In a typical company acquisition, the target company can be thought of as a profit-generating system. The presence of working capital is a necessary condition for the proper operation of this system.

When the target company’s working capital changes before the deal completes, working capital adjustments to the purchase price ensure that the buyer and the seller receive the fair value of this system to maintain operations and profits – which results in adjustments to the purchase price.

Therefore, it’s vital to answer the following questions in any transaction:

  • What does “working capital” mean in that transaction and for that business?
  • What is the normal or average level of working capital for the company that is sufficient to maintain day-to-day operations?
  • What financial position will the company be in at the time that the deal completes?

Working capital isn’t the usual accounting definition.

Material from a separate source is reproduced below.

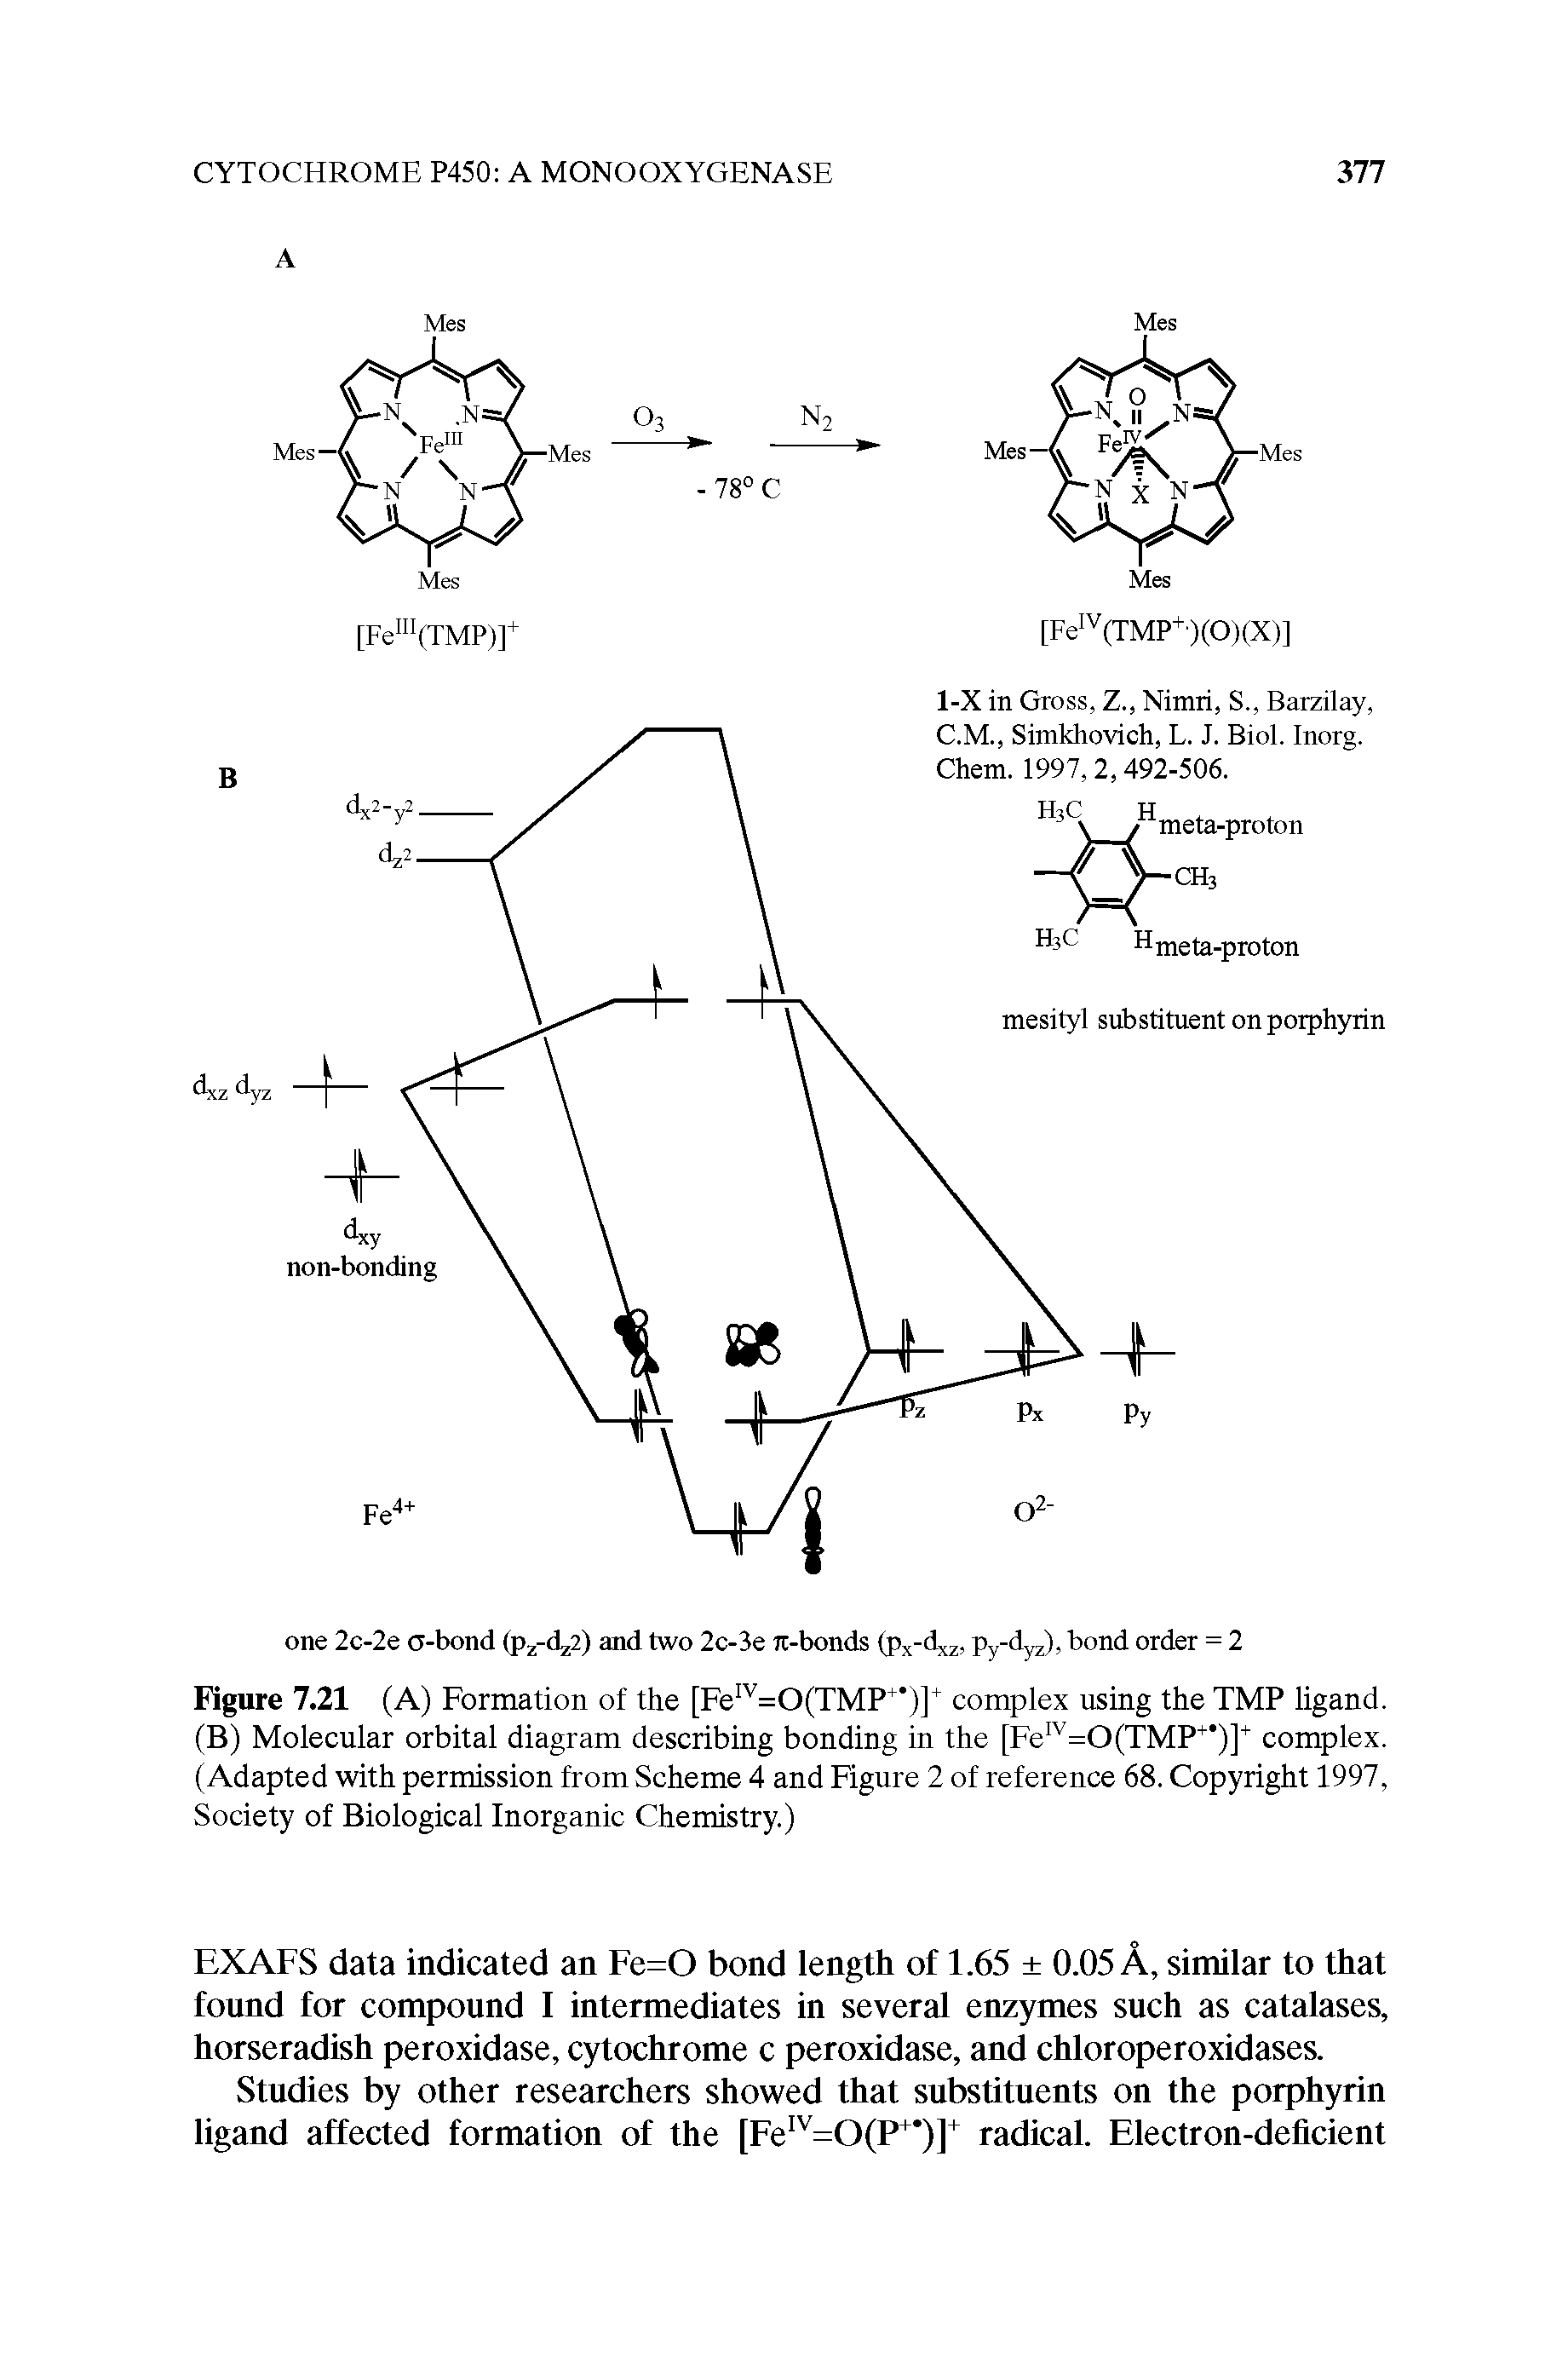 Figure 7.21 (A) Formation of the [Fe" =0(TMP ")] complex using the TMP ligand. (B) Molecular orbital diagram describing bonding in the [Fe" =0(TMP )] complex. (Adapted with permission from Scheme 4 and Figure 2 of reference 68. Copyright 1997, Society of Biological Inorganic Chemistry.)...
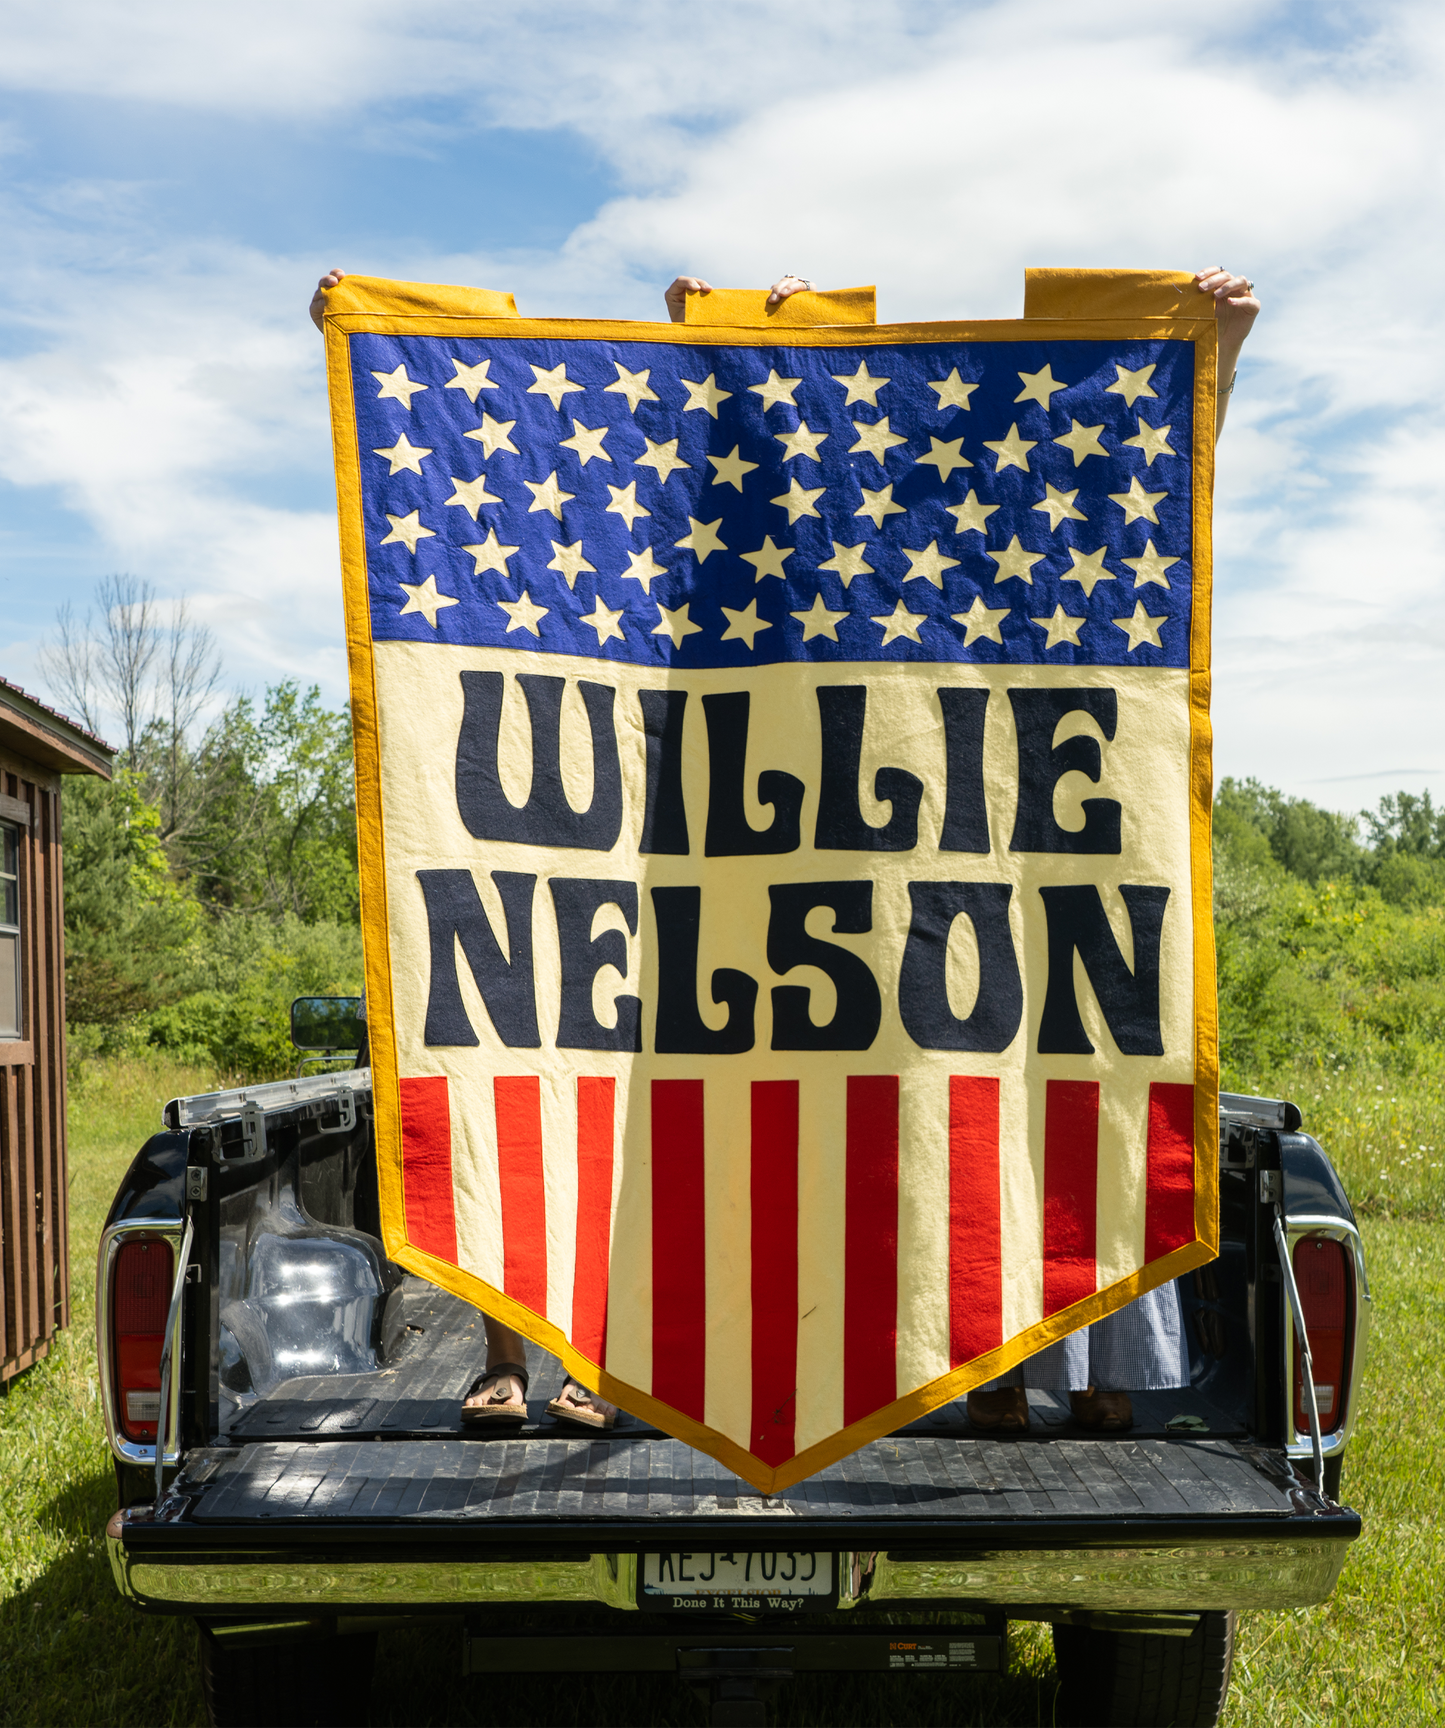 Stars and Stripes Willie Nelson Championship Banner • Willie Nelson x Oxford Pennant

When valuing a target, an interested buyer will assume that a typical net operating working capital level will exist to sustain the company’s current level of revenue when acquiring a company. The buyer will expect that the company is delivered to it with a specified net working capital sum in addition to the fair market value of the company’s capital assets – and this combined total supports the total enterprise value of the company.

The typical accounting definition of “working capital” is the difference between current liabilities and current assets (such as cash, accounts receivable, unpaid customer bills, etc.). This metric evaluates a company’s short-term financial health, operational effectiveness, and liquidity. Positive working capital often has room for expansion and capital investments. Conversely, a company with obligations that exceed its assets (negative working capital) is more likely to struggle to grow or pay back creditors and may be at risk of insolvency.

However, during the negotiations, savvy parties tend to employ definitions that are particularly advantageous to their respective positions.  For example:

  • Do we average the working capital of the business over a 12-month period?
  • Are there unique factors in the business that can influence this working capital average, such as one-time events, seasonality effects, or other periodic impacts to the seller company’s level of working capital?

There are innumerable ways to define and interpret each current asset and liability in the context of a transaction. In addition, purchasers and vendors may hold divergent views regarding the treatment of working capital items for the purposes of the transaction. So, as a first step, the buyer and seller must first agree on the contractual definition of working capital and hardwire it in the sale agreement.

What is a working capital adjustment?

A working capital adjustment is a transaction-related modification to the purchase price depending on the agreed working capital of the target company on the completion date.

It usually occurs between 90 and 120 days after completion of the deal when all financial information up to completion date is available and gives the parties sufficient time to analyse this information to form an accurate picture of working capital.

It works like this:

  • If working capital at completion of the deal is insufficient, the buyer will need to contribute additional funds to support operations, which raises the effective purchase price for the buyer. To avoid the buyer losing value, the way it plays out in a sale agreement to is that, if actual working capital at completion is less than the agreed target for working capital, the purchase price is adjusted downward because there is a shortfall between the working capital delivered by the seller and target level of working capital.
  • On the other hand, if actual working capital at completion is more than the target, then the seller is handing additional value to the buyer. Here, the purchase price is adjusted upward because the seller has delivered a higher-level of the working capital than the target amount.
  • If there is a shortfall – the seller pays back some of the completion funds to the buyer.
  • If there too much working capital – the buyer pays that difference to the seller.

Take Aways

In an M&A deal, parties must ensure they understand:

  1. the methodology used to determine working capital;
  2. the amount of net operating working capital required to maintain current profit levels; and
  3. how these figures can be manipulated.

Our experience has taught us that a well-written purchase price adjustment clause in the agreement, with plain language and adjustment procedures, is crucial for avoiding post-transaction disputes.

Given that price is unquestionably the most crucial variable in a transaction and that the working capital adjustment can influence price, it follows that the working capital adjustment merits special consideration.